That’s where we come in. In our new paper, Marco Schiró and I have developed a new way to investigate many-body localisation, based around a pre-existing technique known as the flow equation method. In a nutshell, this method takes a complicated problem and transforms it into a simpler-looking one that’s easier for a computer to solve. We use a continuous unitary transform to take the equation studied by exact computational methods and morph it into a simpler so-called ‘diagonal’ form, which turns out to be the same as the phenomenological model used in many of the pen-and-paper studies. One of the main advantages of the flow equation method, therefore, is that it bridges the gap between these two existing avenues of investigation (in a precise mathematical sense).

In doing so, we have to make an approximation called a ‘truncation’ which involves the neglect of some terms in the final equations that we believe to be extremely small: we tested this by benchmarking against the gold-standard numerical method (known as exact diagonalisation) and find that the flow equation results are extremely accurate in the many-body localised phase. Flow equations have been used before to tackle this problem in their exact form, but the truncation we employ makes the problem much less computationally complex, and therein lies the key advantage to this approach.

With that done, the truncated flow equation method then allows us to:

  • Simulate over 10x as many particles as exact numerical implementations : In our paper, we show results for up to 144 particles, but this is by no means the limit. (Many of the simulations were run on my Macbook Air, with its relatively paltry processing power.) For comparison, exact implementations of flow equations are currently limited to around 12 particles.
  • Simulate MBL matter in two dimensions : Because we can reach such large numbers of particles, we can do meaningful simulations of MBL-type-physics in two dimensions. We find strong indications that MBL persists in two dimensions. Our work was the first to find this, followed very shortly afterwards by another work studying a different model with different methods which nonetheless reached the same conclusion, and provided further evidence for the existence of MBL in two dimensions.
  • Compute the properties of l-bits directly : The ability to connect the microscopic models of interacting particles to the phenomenological models of MBL allows us to directly calculate many quantities which were out of the reach of previous pen-and-paper calculations.
  • Study the dynamics of these materials : The relatively simple ‘diagonal’ form of our equations allows us to compute the non-equilibrium dynamics of MBL matter. In the paper, we demonstrate this by showing how local observables behave after a sudden parameter change known as a quench, however the method also works for correlation functions and composite non-local objects such as out-of-time-ordered correlators.

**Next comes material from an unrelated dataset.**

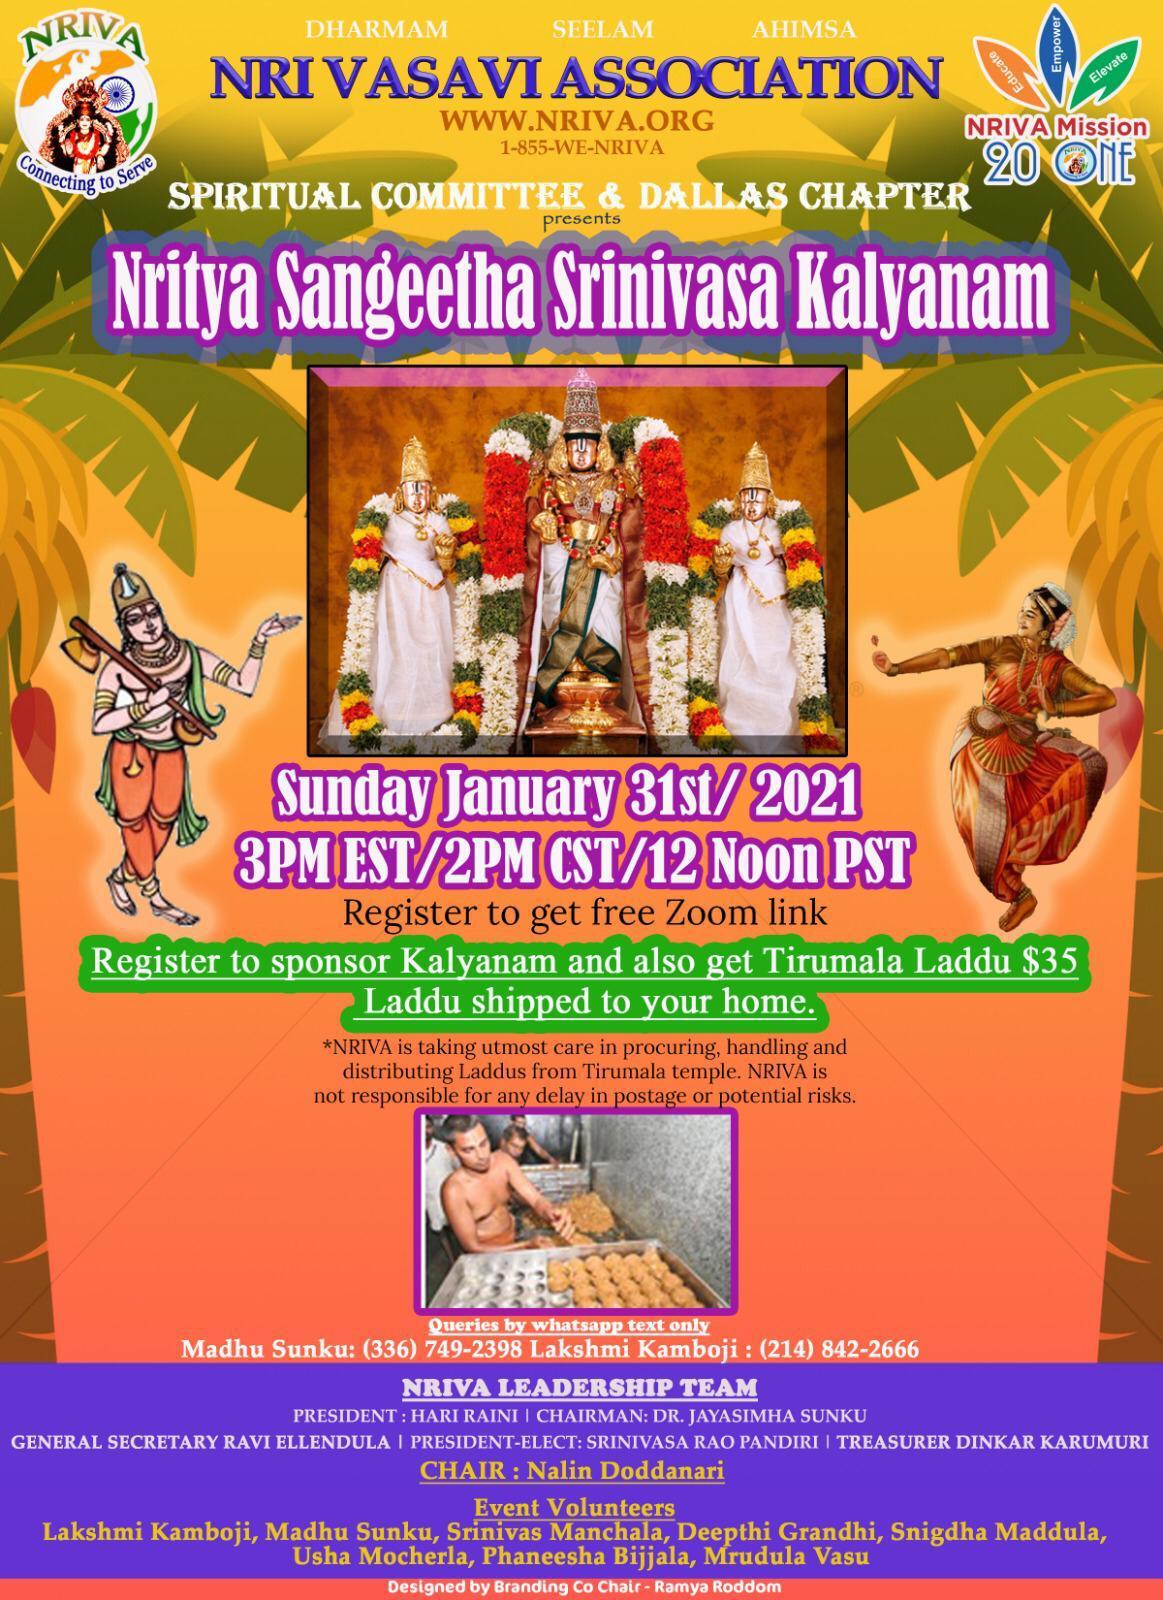 Nritya Sangeetha Srinivasa Kalyanam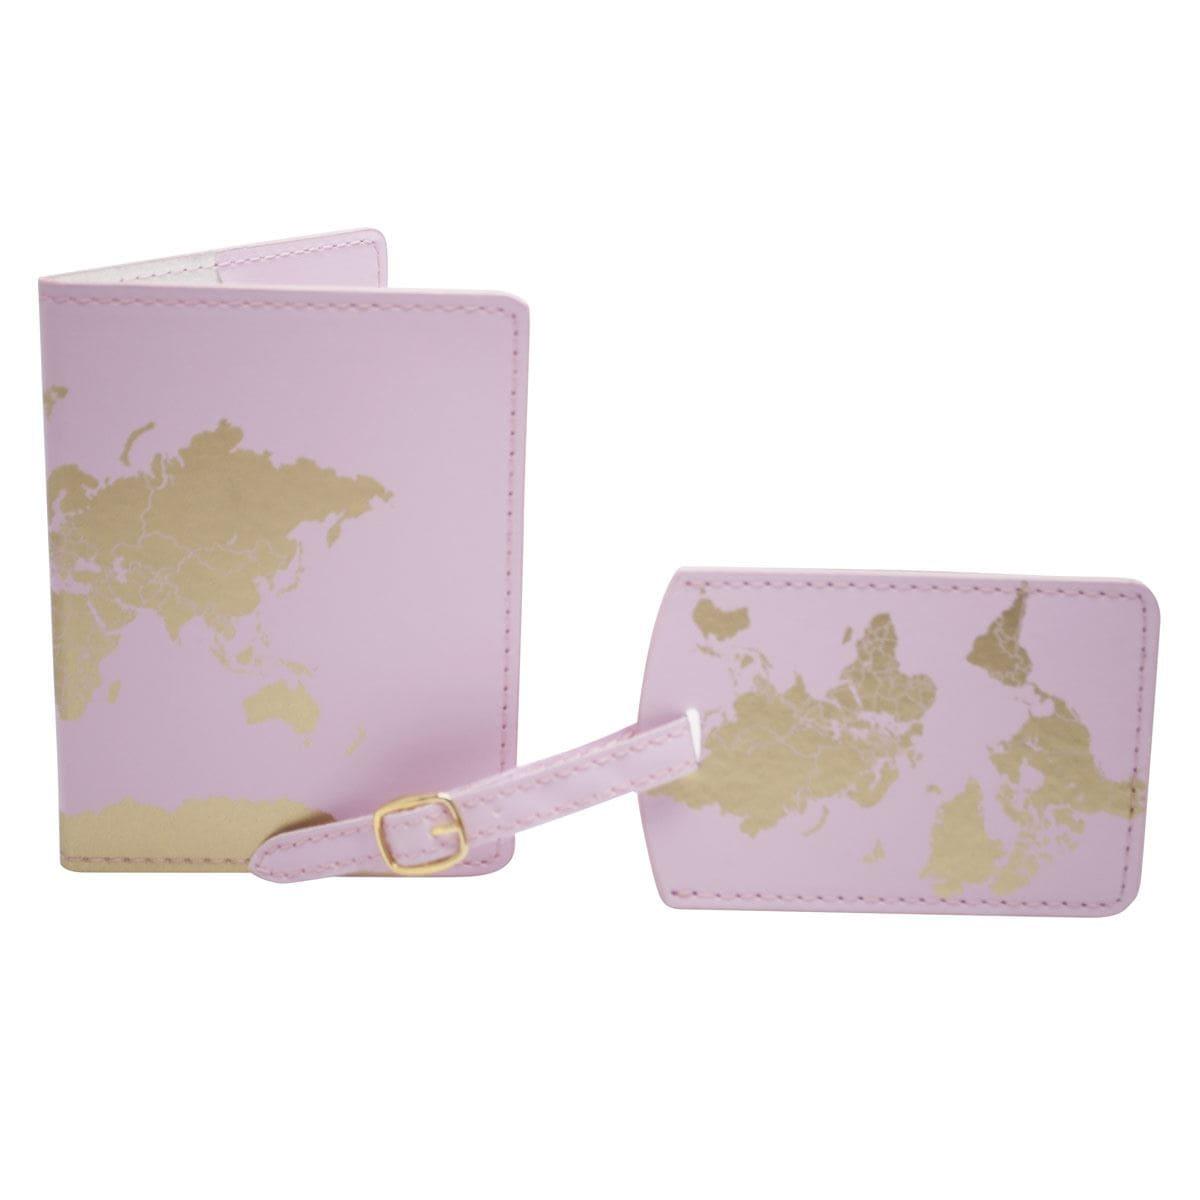 Set pasaporte y etiqueta de viaje rosa Art Home

Such advantages come at a price, however, and the trade-off is that the truncated flow equation method only works well in the many-body localised phase: it’s no longer valid when the disorder strength is decreased and the material begins to become metallic once more. This unfortunately means that our method cannot, in its current incarnation, be used to study the delocalisation transition, i.e. when MBL breaks down, which is one of the other major open questions in the field. Further development is needed, and this is just one of many directions we’re considering for the future.

Conclusion

In the meantime though, the truncated flow equation method provides a powerful, transparent framework for calculating properties of the many-body localised phase. It allows us to start from microscopically exact models of interacting particles, transform the problem into a computationally simpler one, and calculate the dynamical properties of physical observables. With this, we can reproduce the results of a variety of other calculations, but also begin to do new things that (so far), no other methods can. While there’s definite room for improvement in our implementation, there are already a lot of really neat things that can be done with this technique even in its current incarnation, and I’m excited to see what other researchers do with it in the near future.

We may not be on the verge of solving the mysteries of many-body localisation any time soon, but in studying it, condensed matter and statistical physics researchers across the world are developing the tools and laying the foundations for a new understanding of emergent behaviour in quantum matter, and in doing so, perhaps even laying the foundations for the materials and technologies of the future. Some things really are more than the sum of their parts, and when it comes to many-body quantum matter, it looks like we’ve still only just begun to understand that.


Usual disclaimer: this post was written by me, not any of my colleagues or co-workers, and represents my views only. If you don’t like this post, blame me, not them!